_Recorded information:_

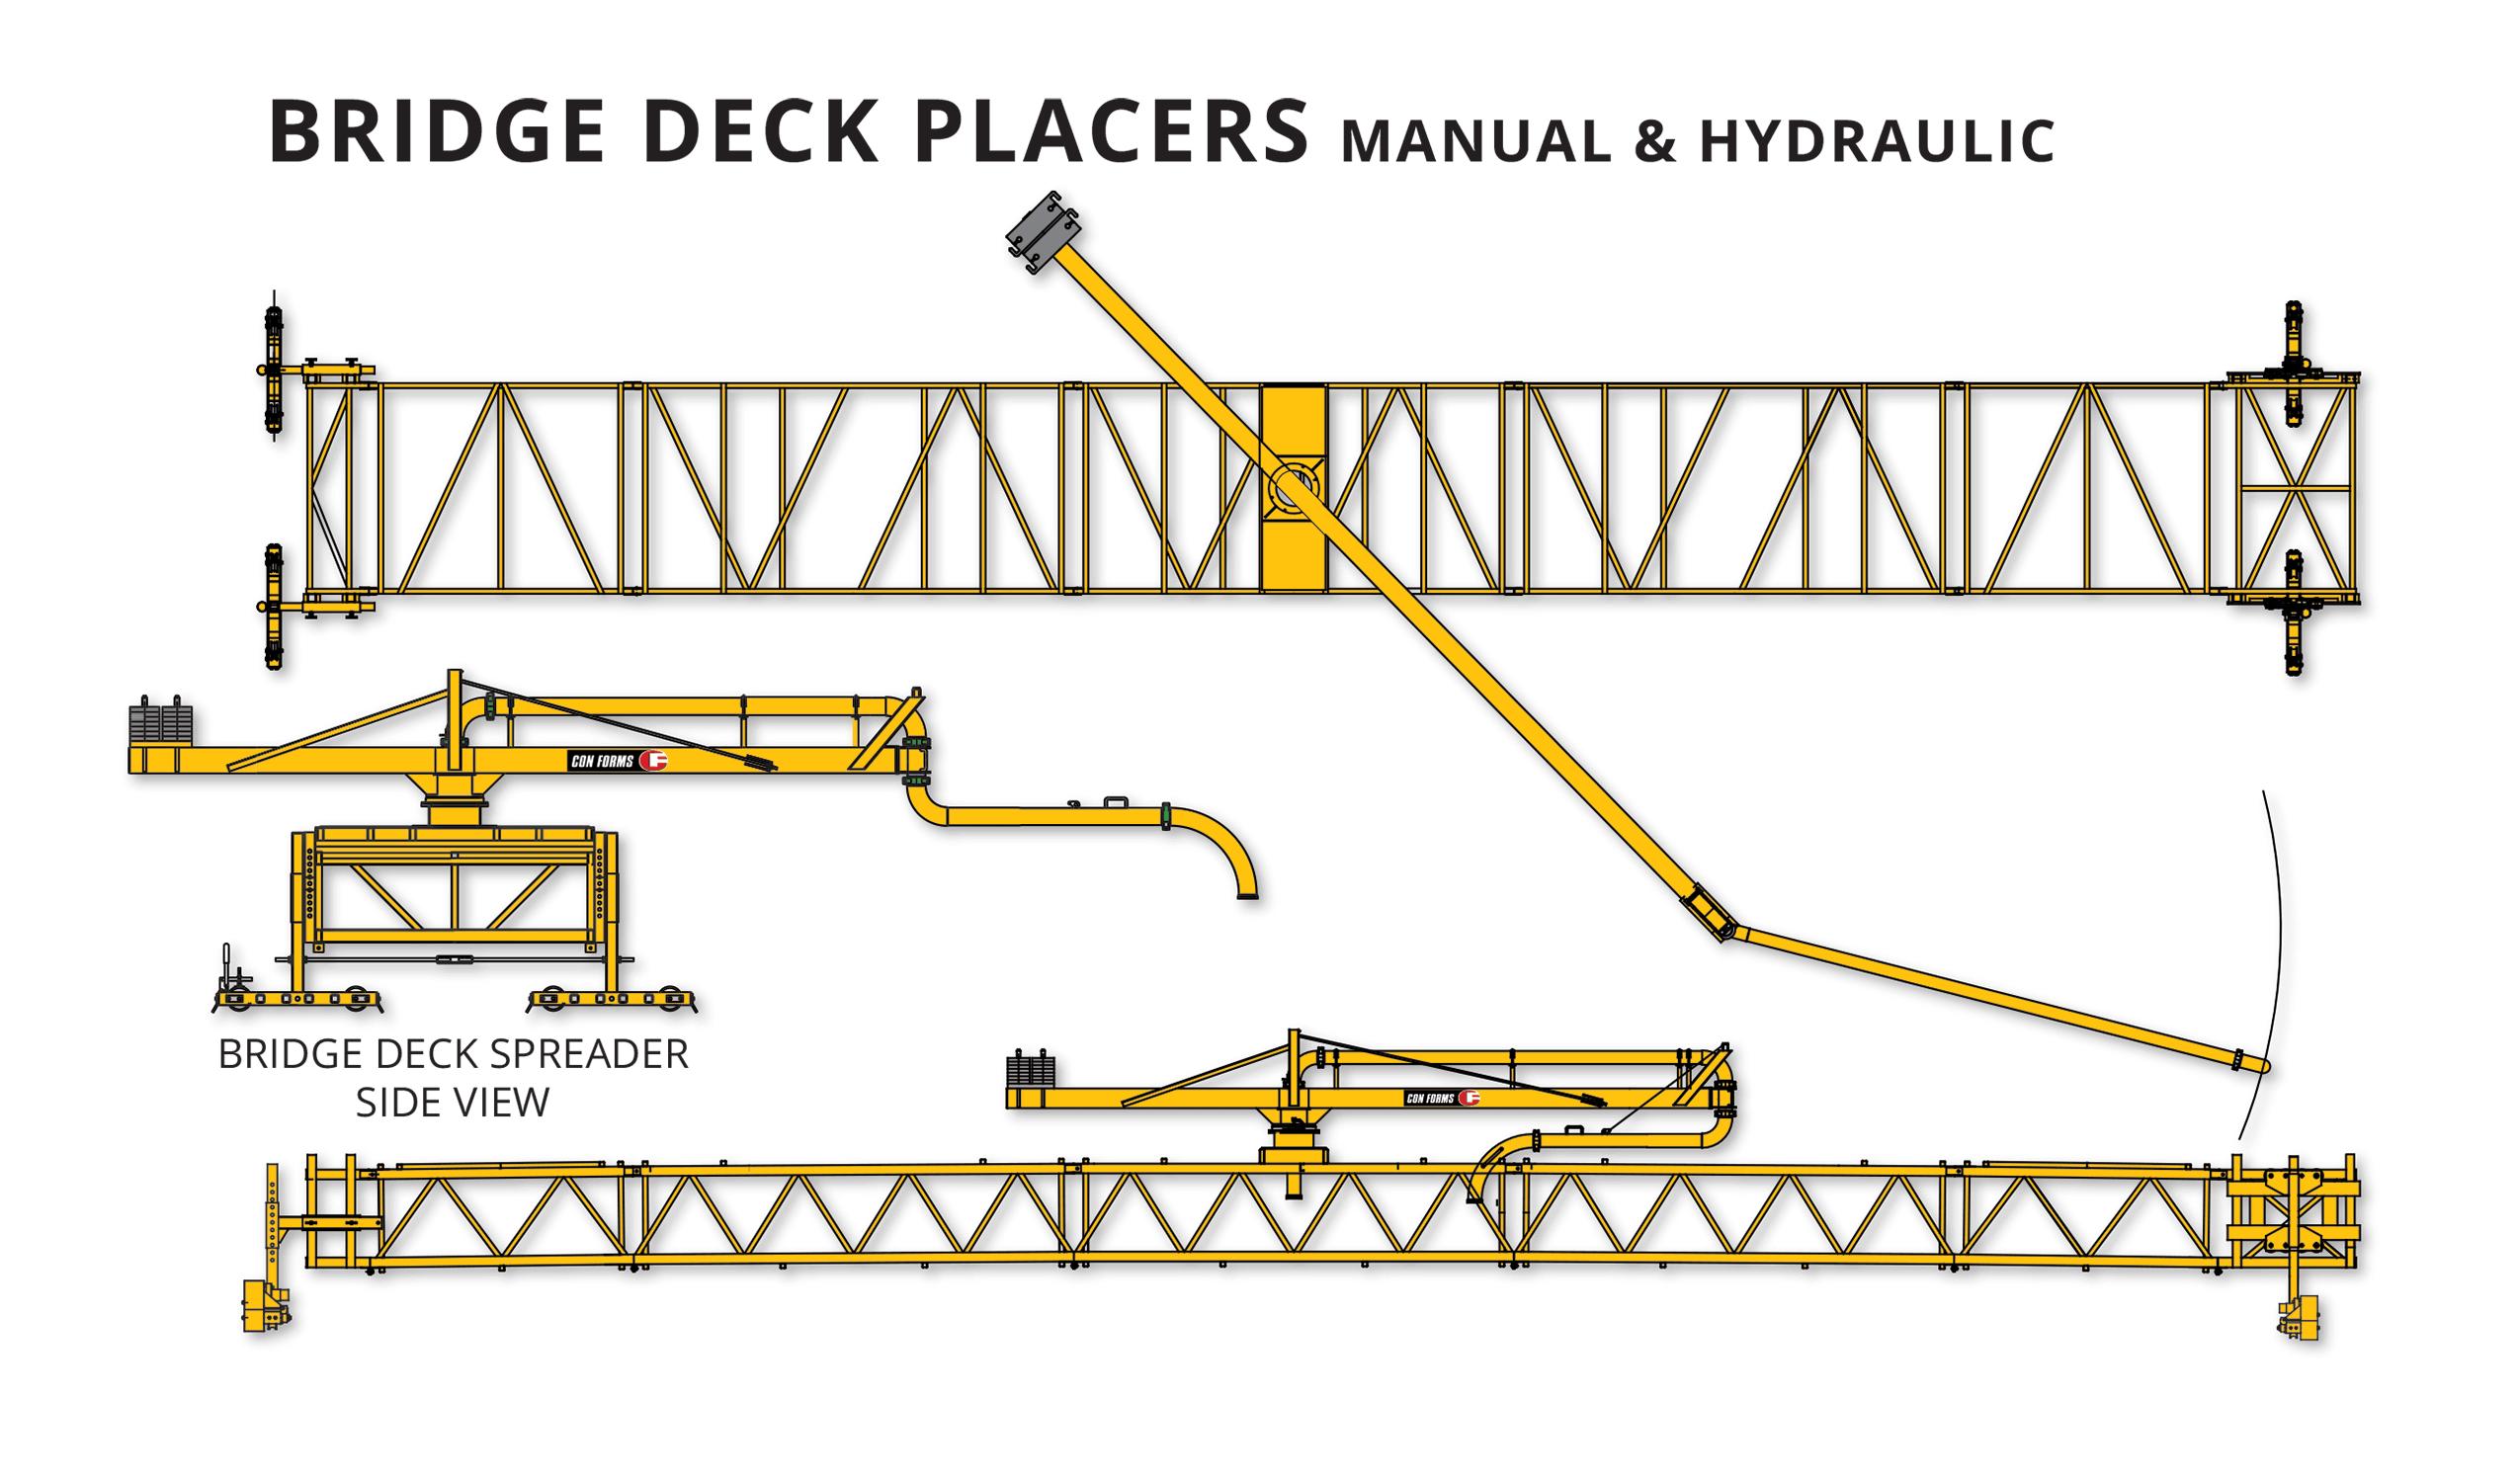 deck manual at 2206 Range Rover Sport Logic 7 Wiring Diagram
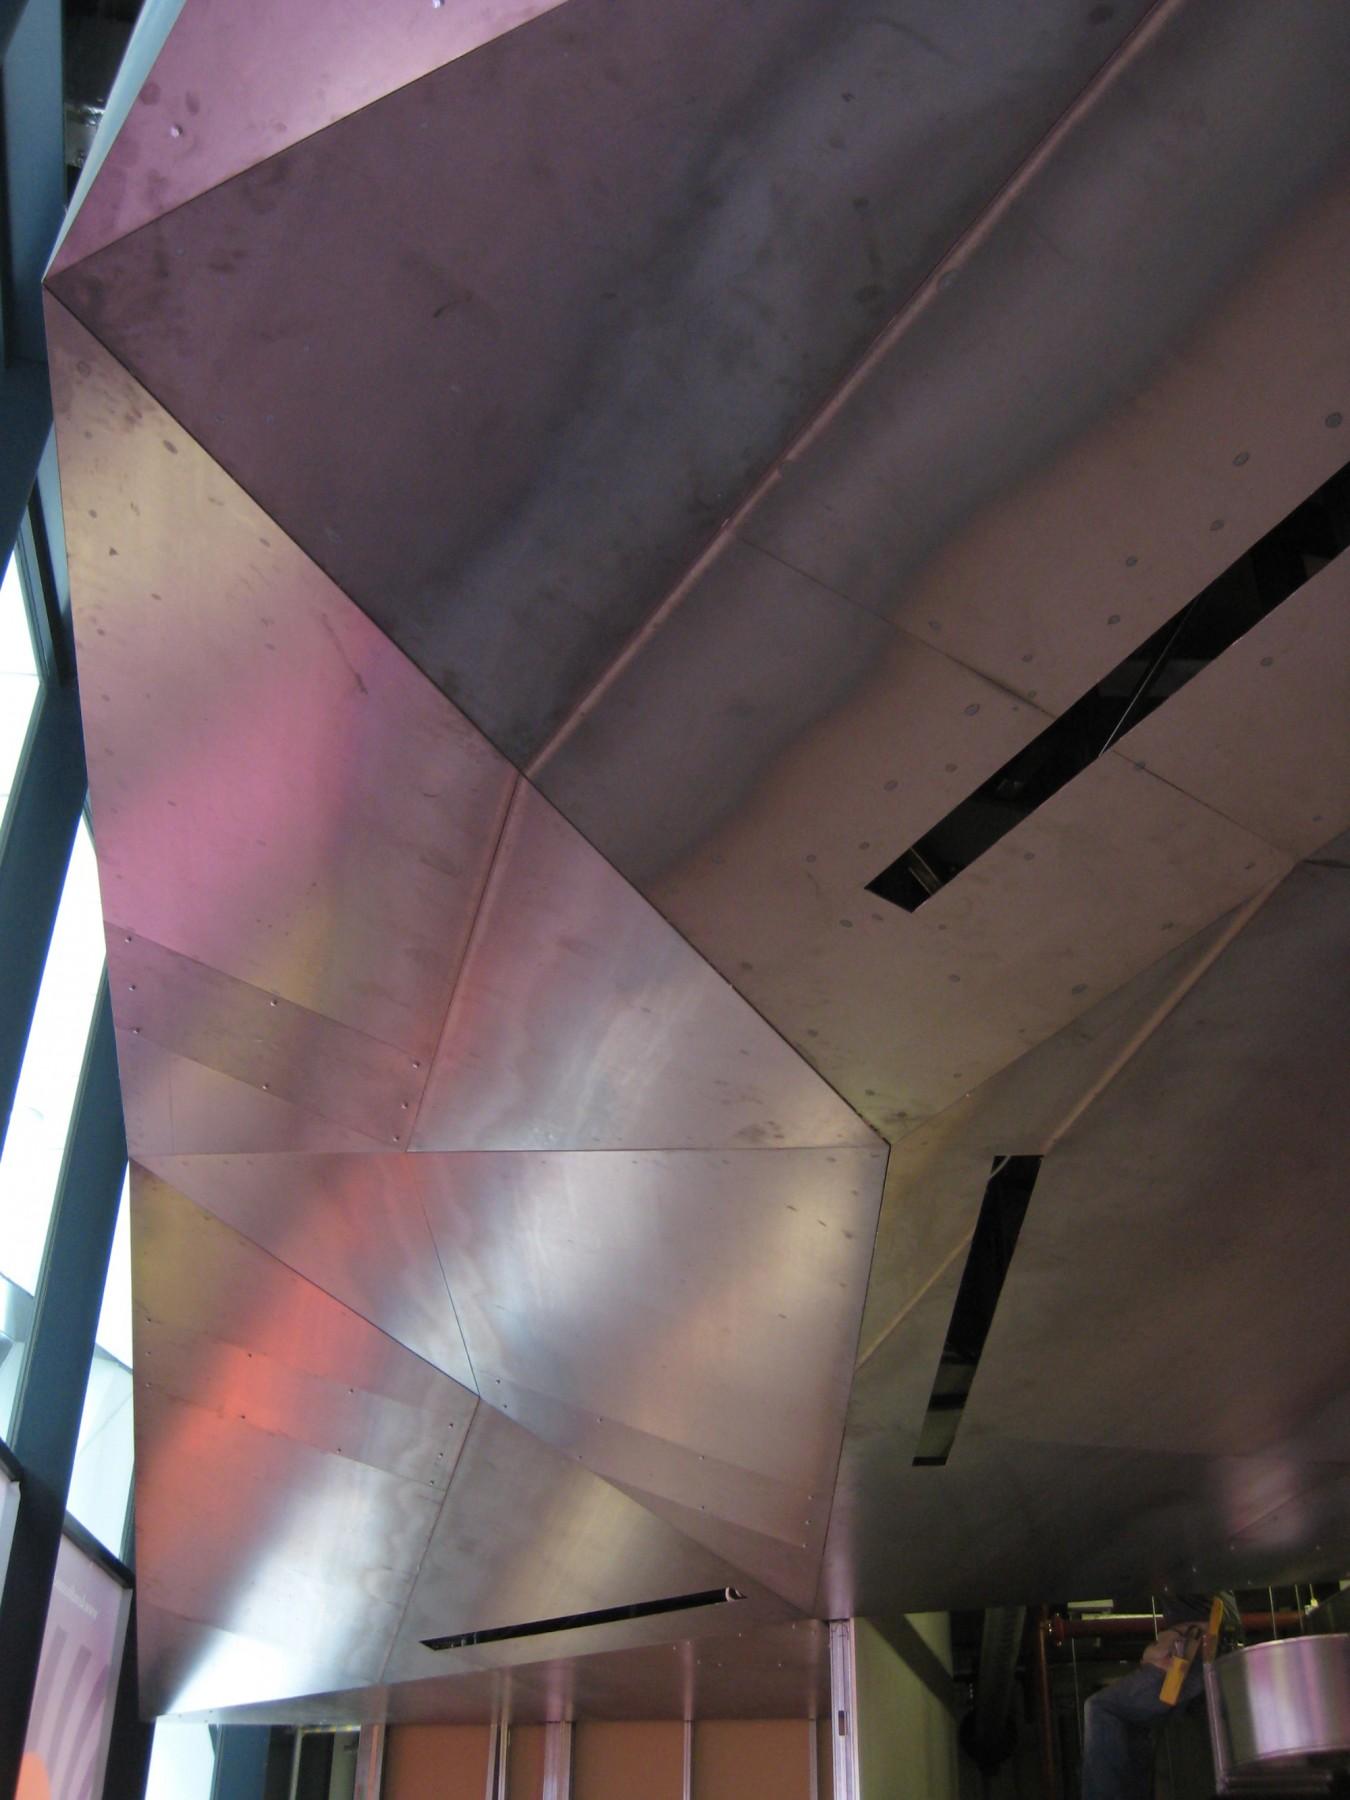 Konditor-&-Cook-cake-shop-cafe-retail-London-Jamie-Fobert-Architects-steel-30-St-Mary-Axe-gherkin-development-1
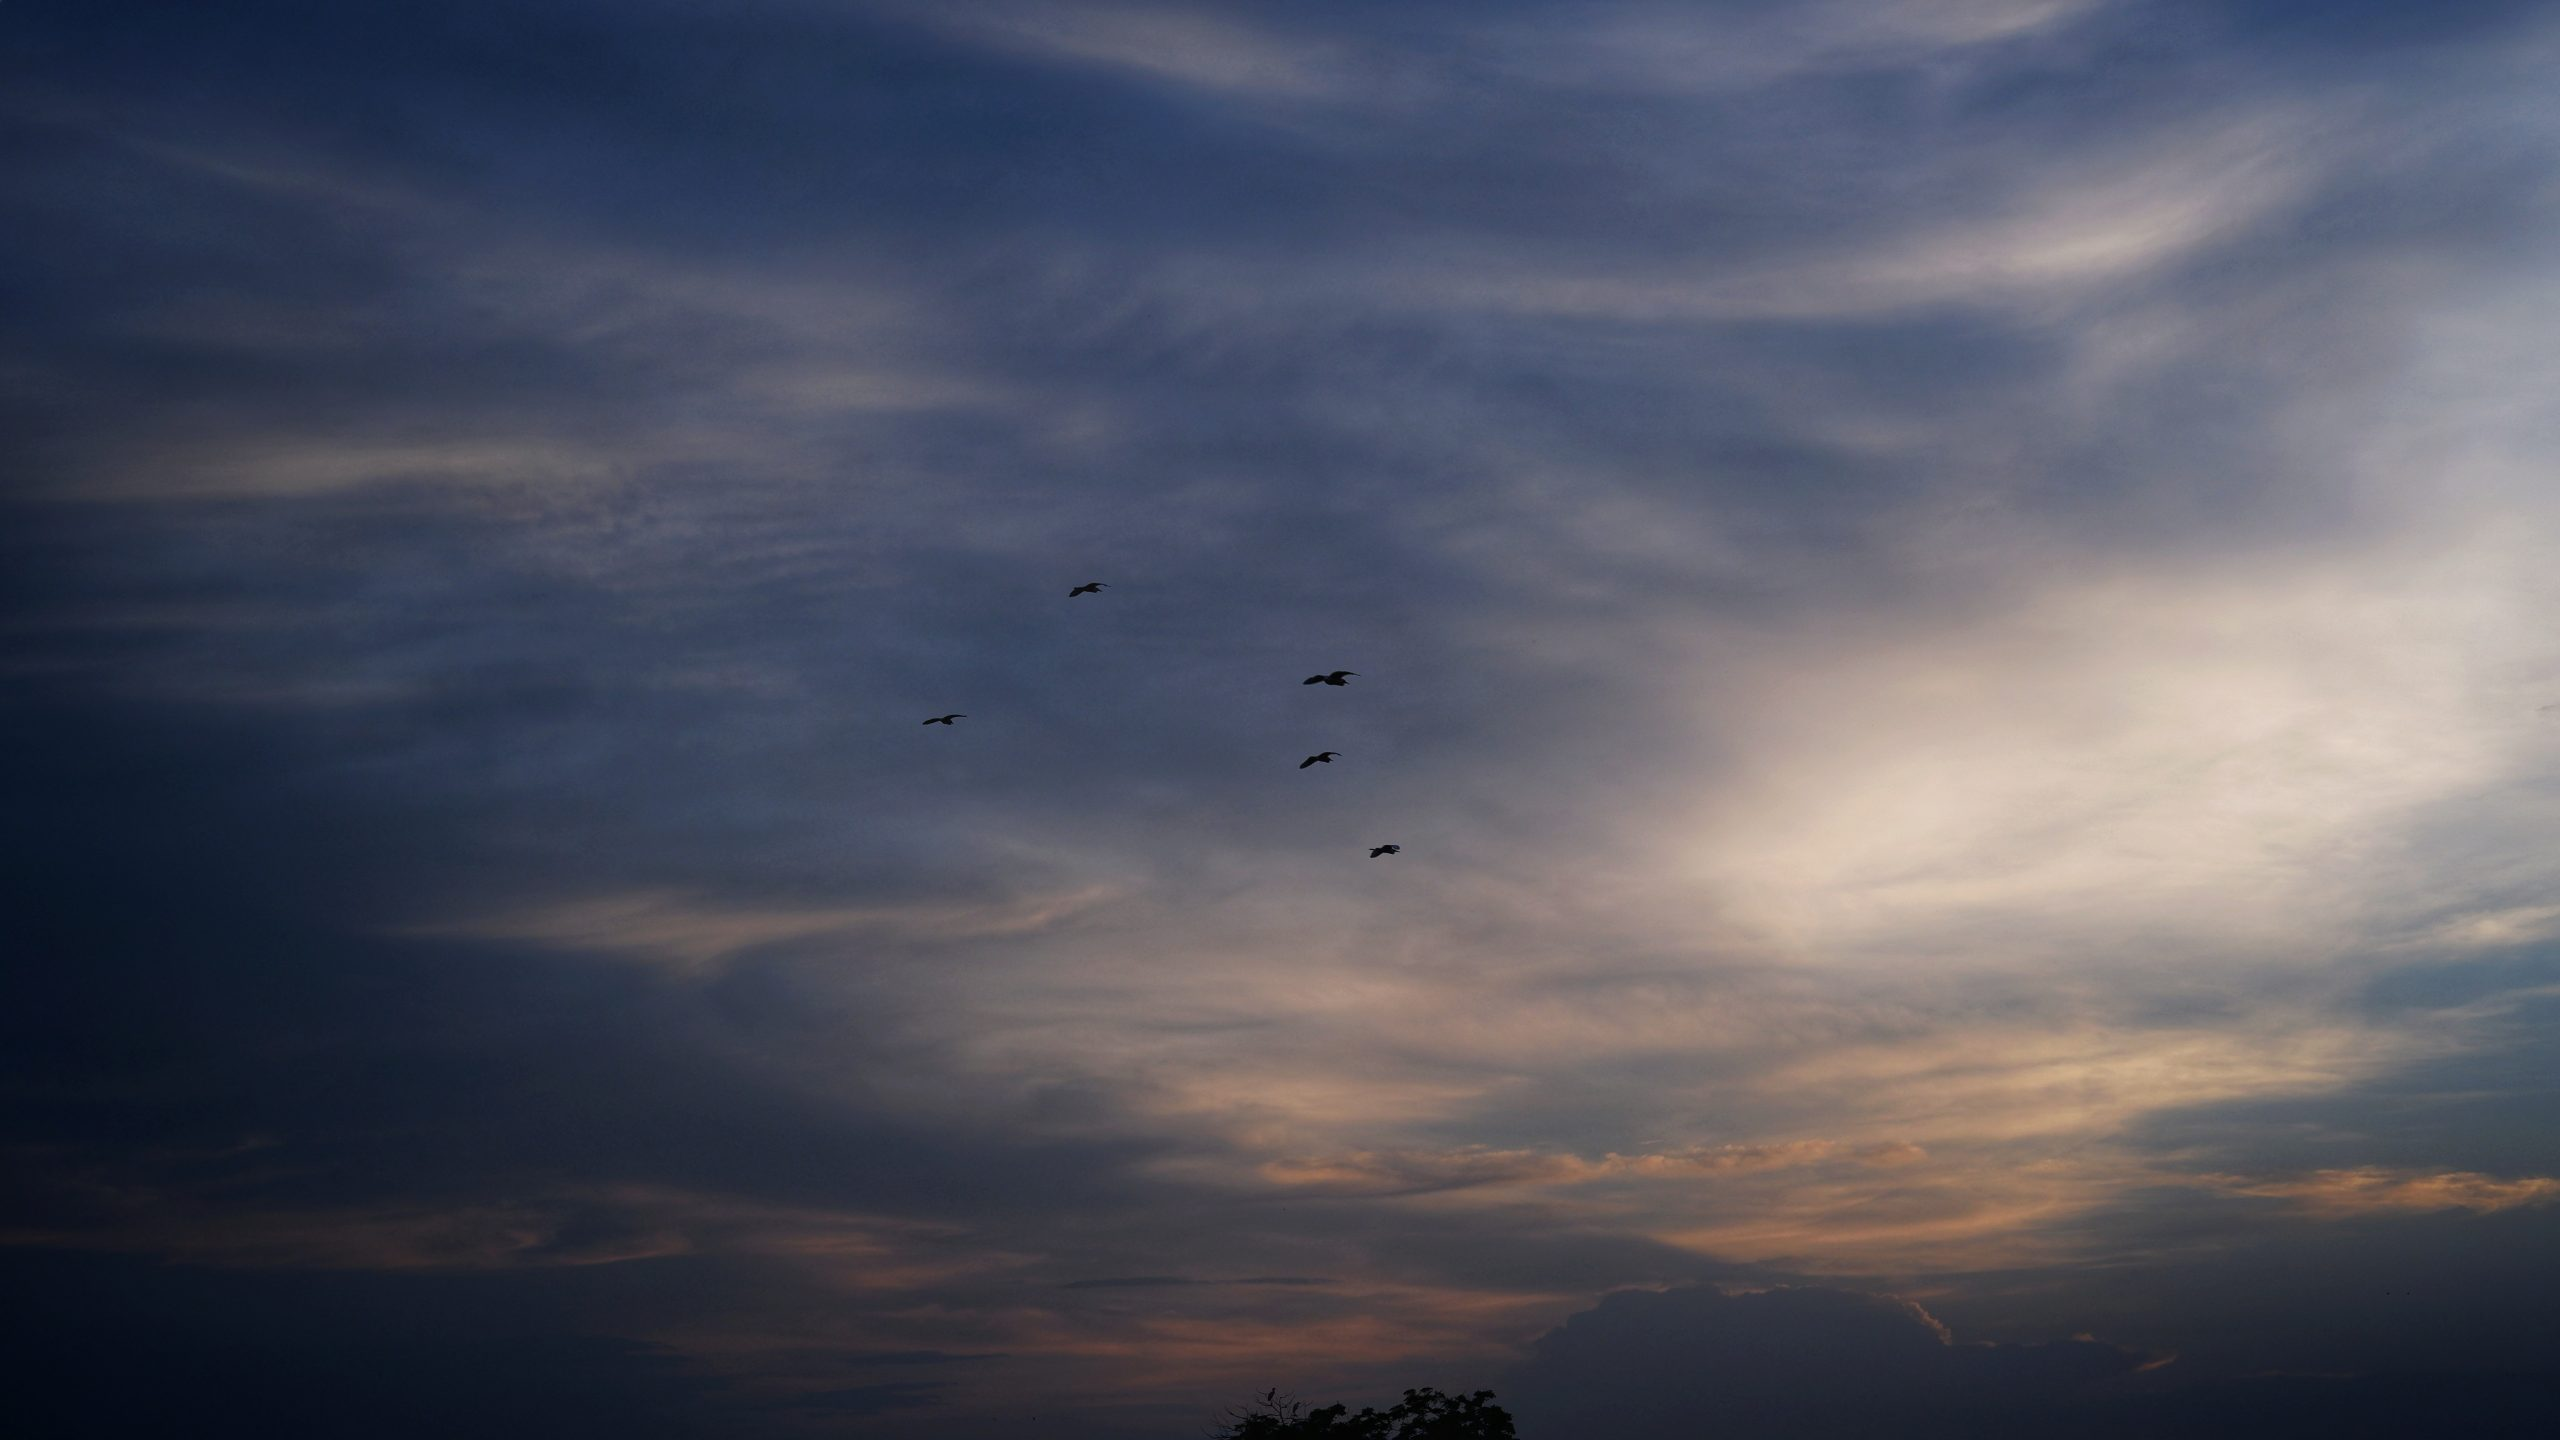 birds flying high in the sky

_Task instructions:_ When repeating the listing, keep each line exact and exclude the pictures.

_Solution to this exercise:_
 deck manual at 2206 Range Rover Sport Logic 7 Wiring Diagram
 Konditor-&-Cook-cake-shop-cafe-retail-London-Jamie-Fobert-Architects-steel-30-St-Mary-Axe-gherkin-development-1
 birds flying high in the sky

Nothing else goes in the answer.